WHAT TO DO | When you reach the line containing "Authentic Models Floating", begin reproducing the material exactly, stop after the line containing "Building construction wood", and leave out any pictures along the way.

──────── GIVEN DATA

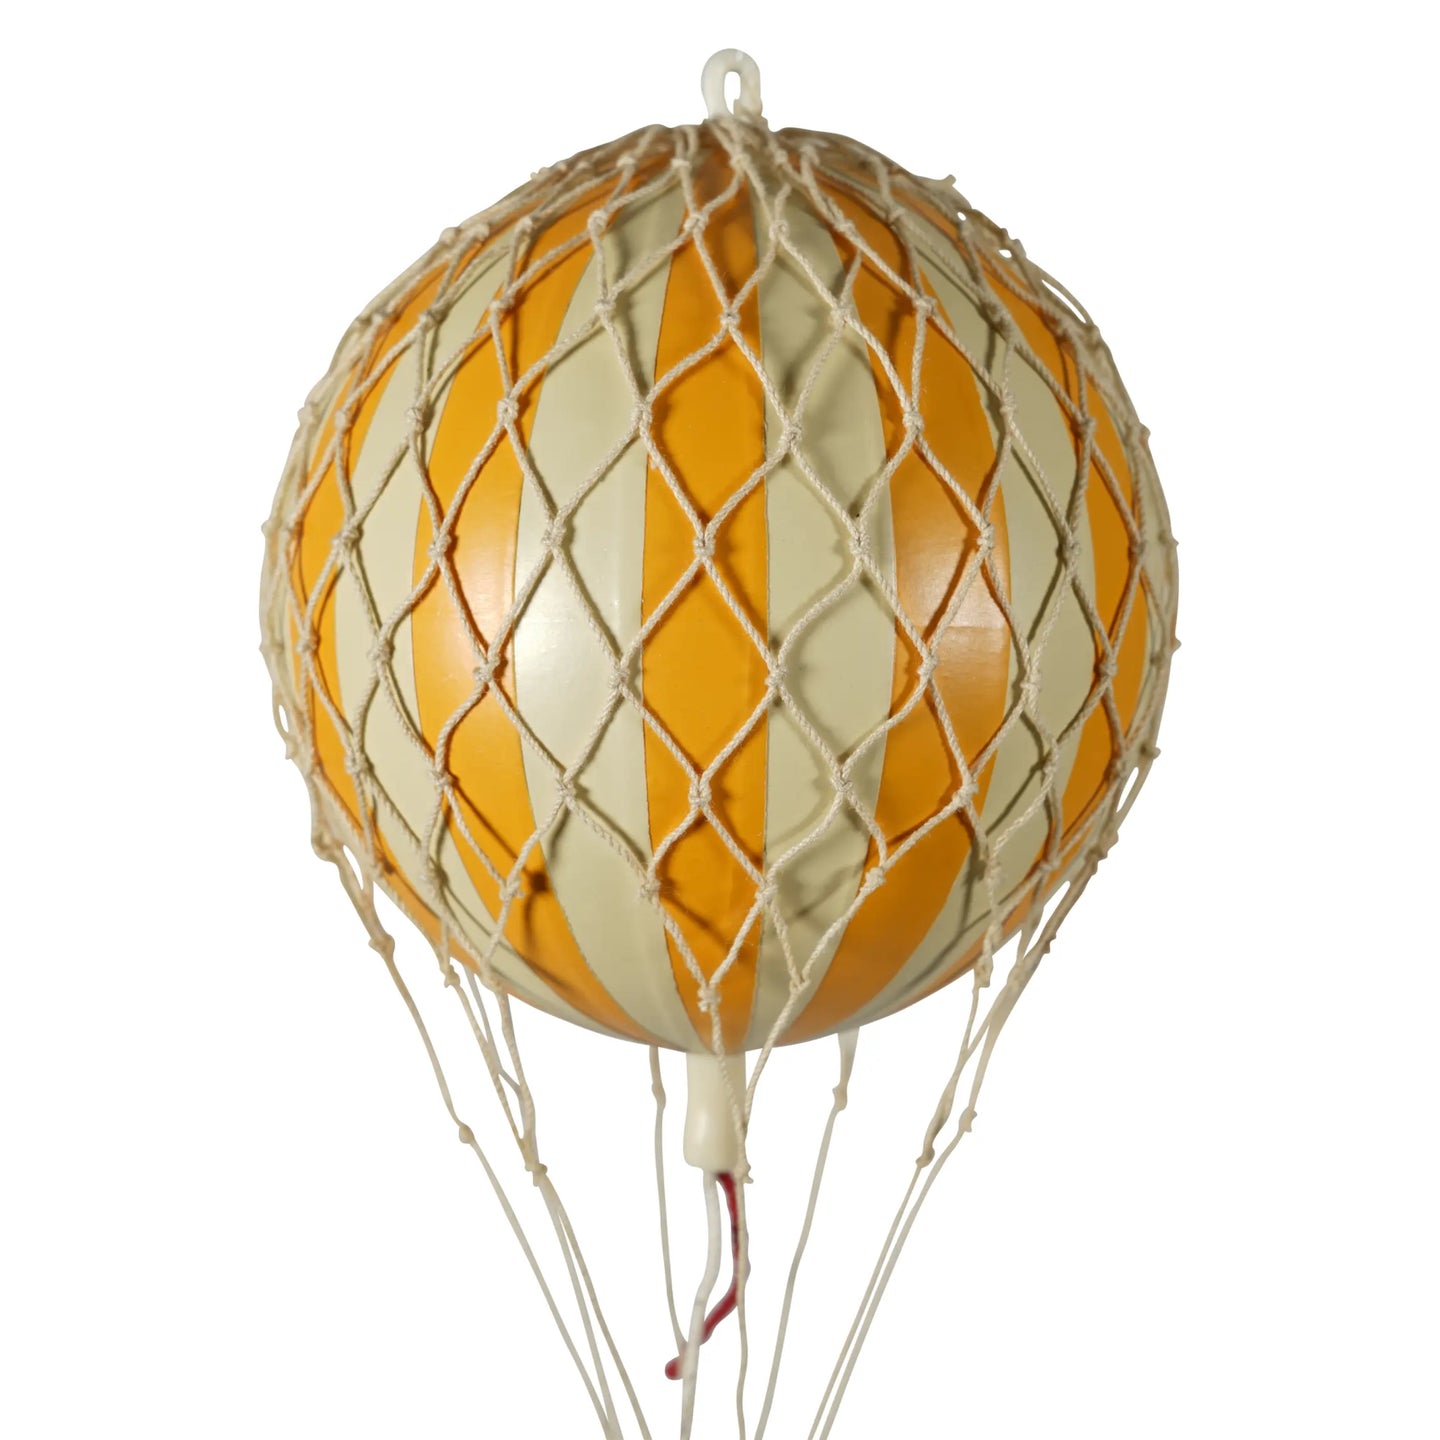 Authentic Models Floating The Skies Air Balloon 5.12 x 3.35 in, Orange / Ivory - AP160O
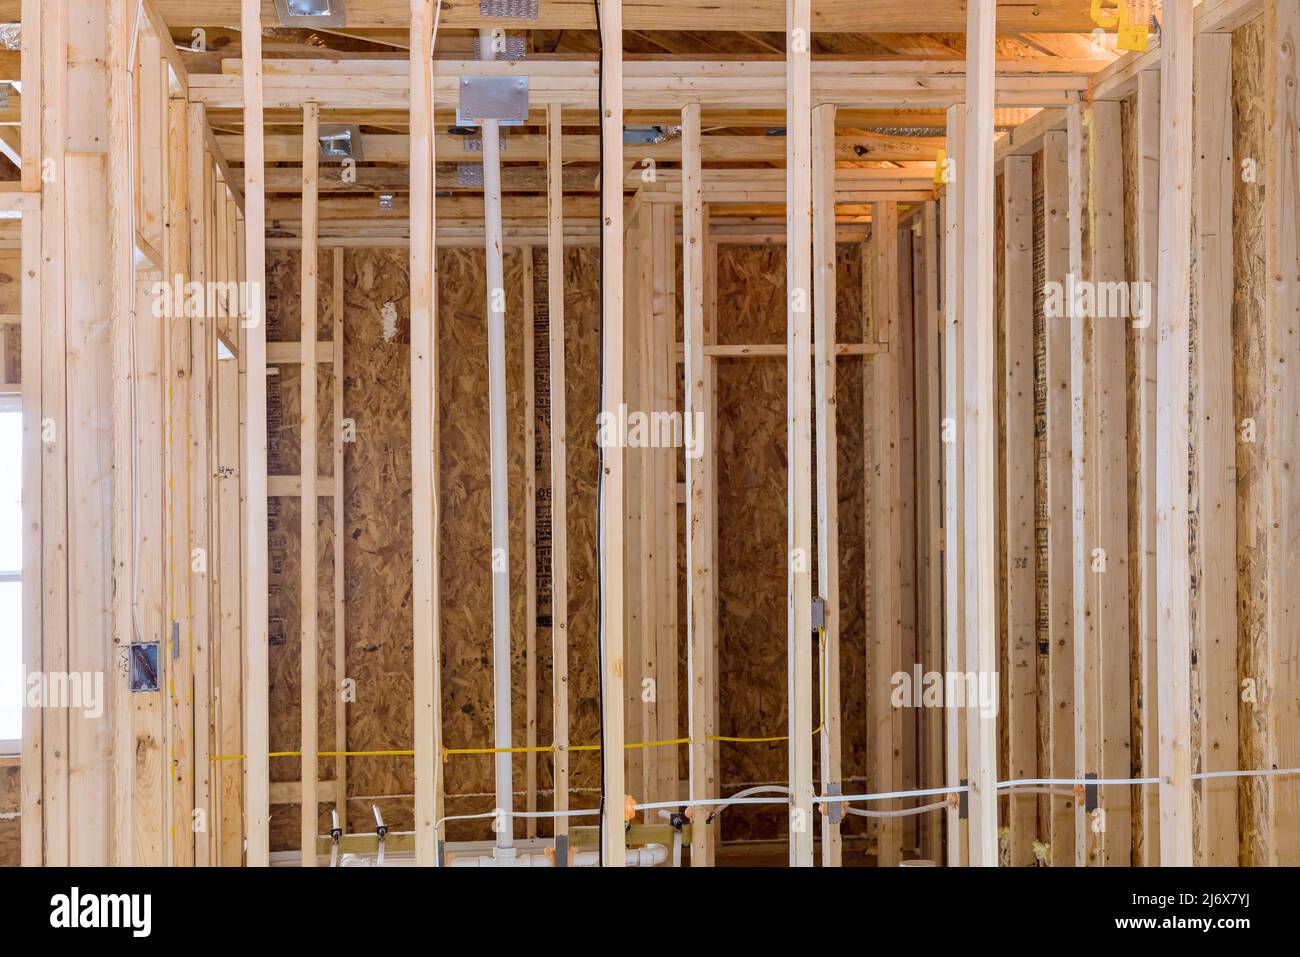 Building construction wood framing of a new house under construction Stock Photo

────────────────
──────── GIVEN DATA

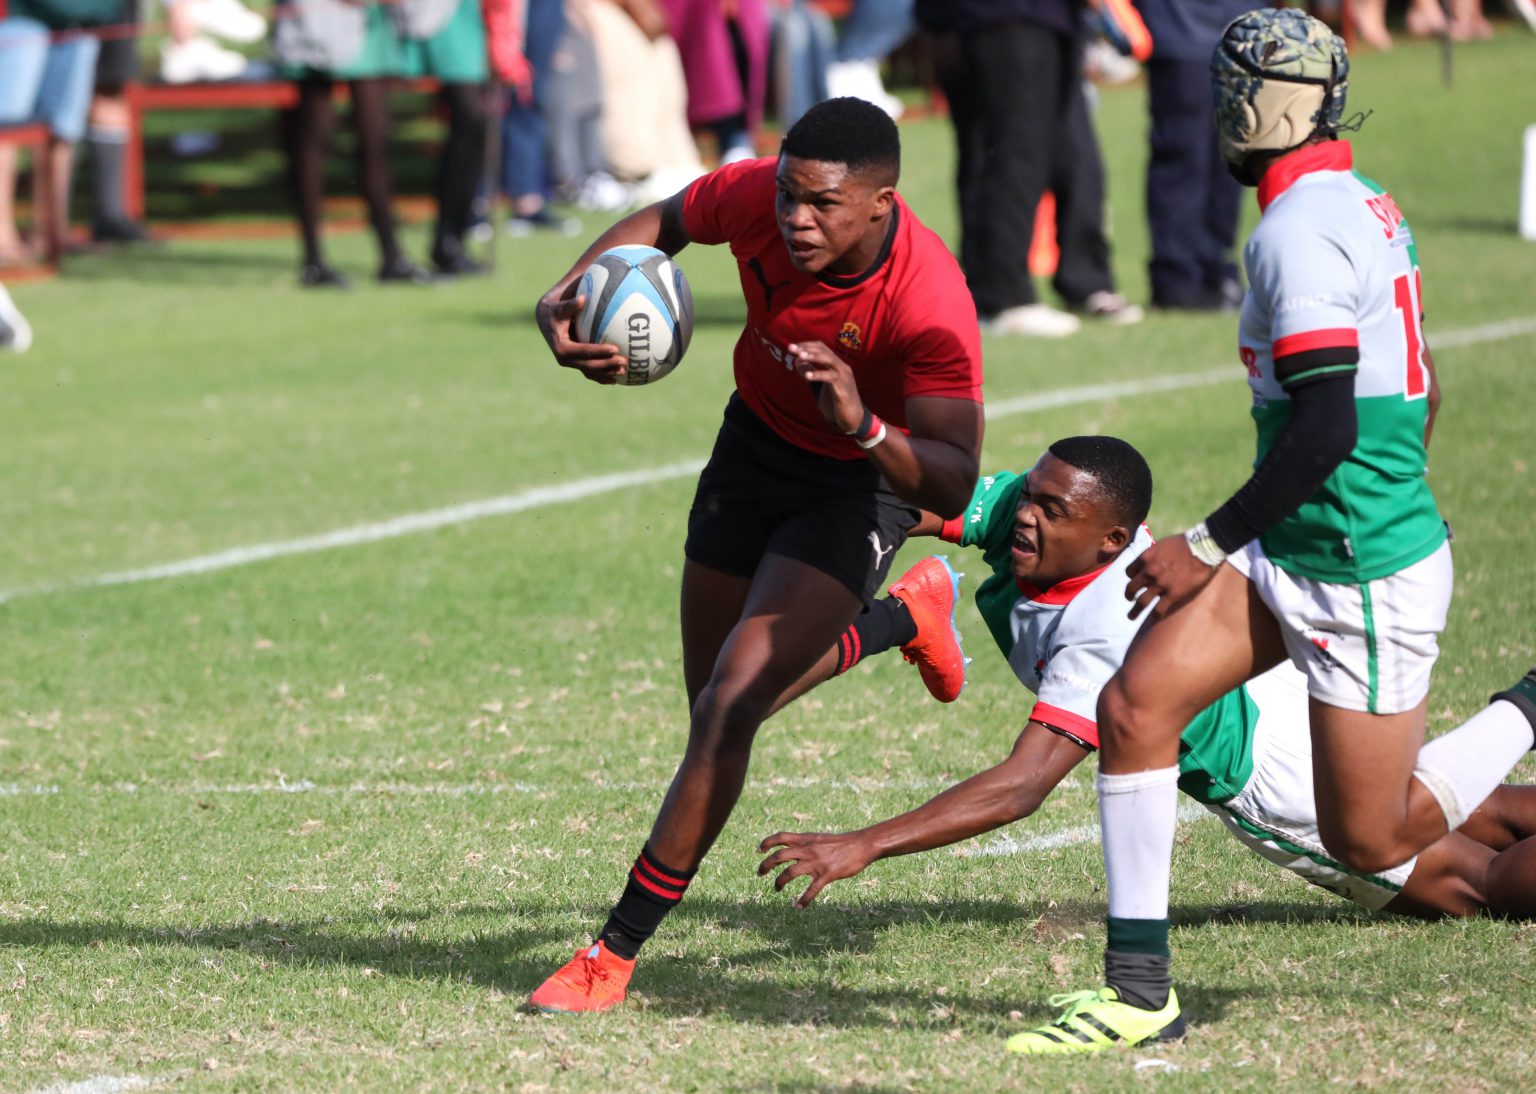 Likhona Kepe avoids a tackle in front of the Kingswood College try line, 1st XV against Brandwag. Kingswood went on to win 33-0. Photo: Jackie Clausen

────────────────
──────── GIVEN DATA

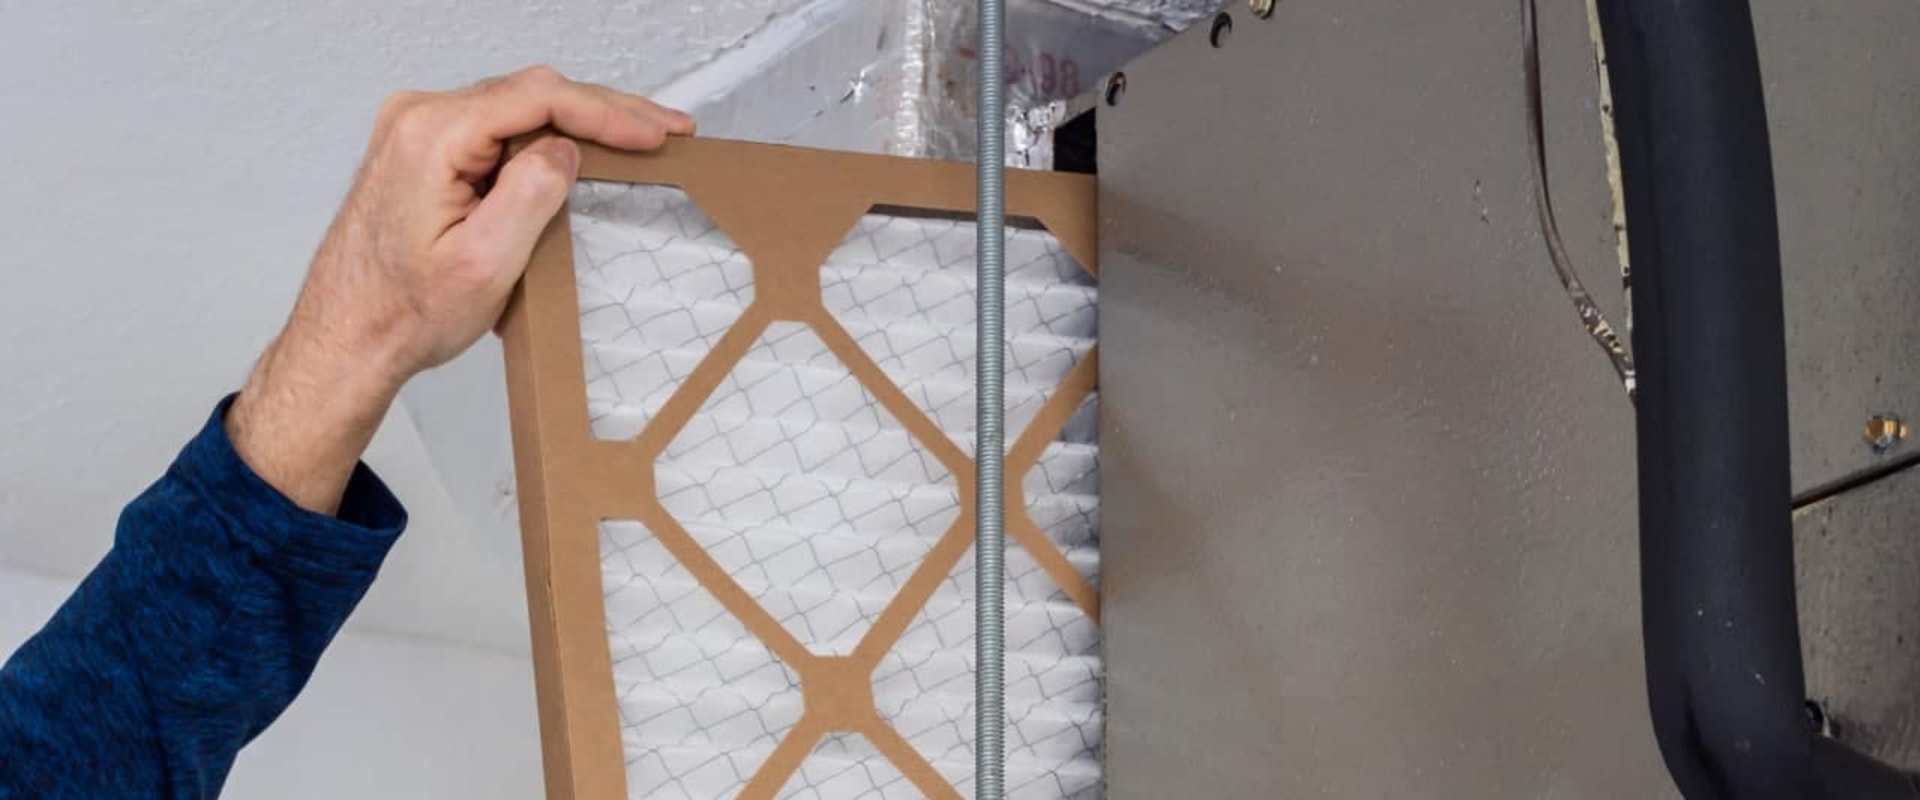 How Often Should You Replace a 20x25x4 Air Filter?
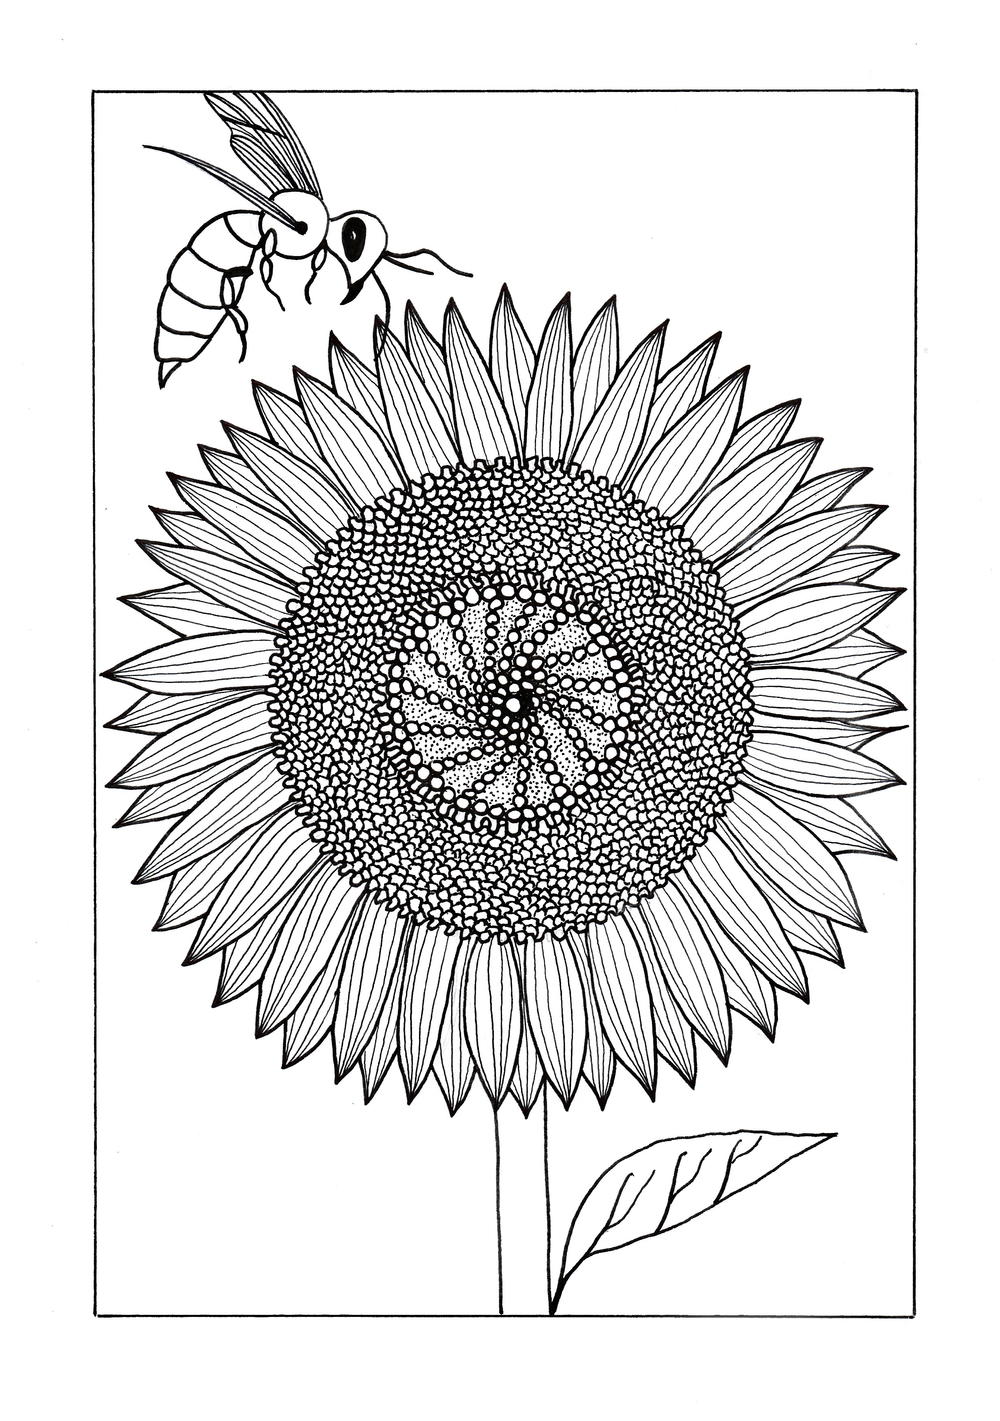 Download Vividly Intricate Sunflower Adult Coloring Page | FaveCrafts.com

────────────────

SOLUTION |
 Authentic Models Floating The Skies Air Balloon 5.12 x 3.35 in, Orange / Ivory - AP160O
 Building construction wood framing of a new house under construction Stock Photo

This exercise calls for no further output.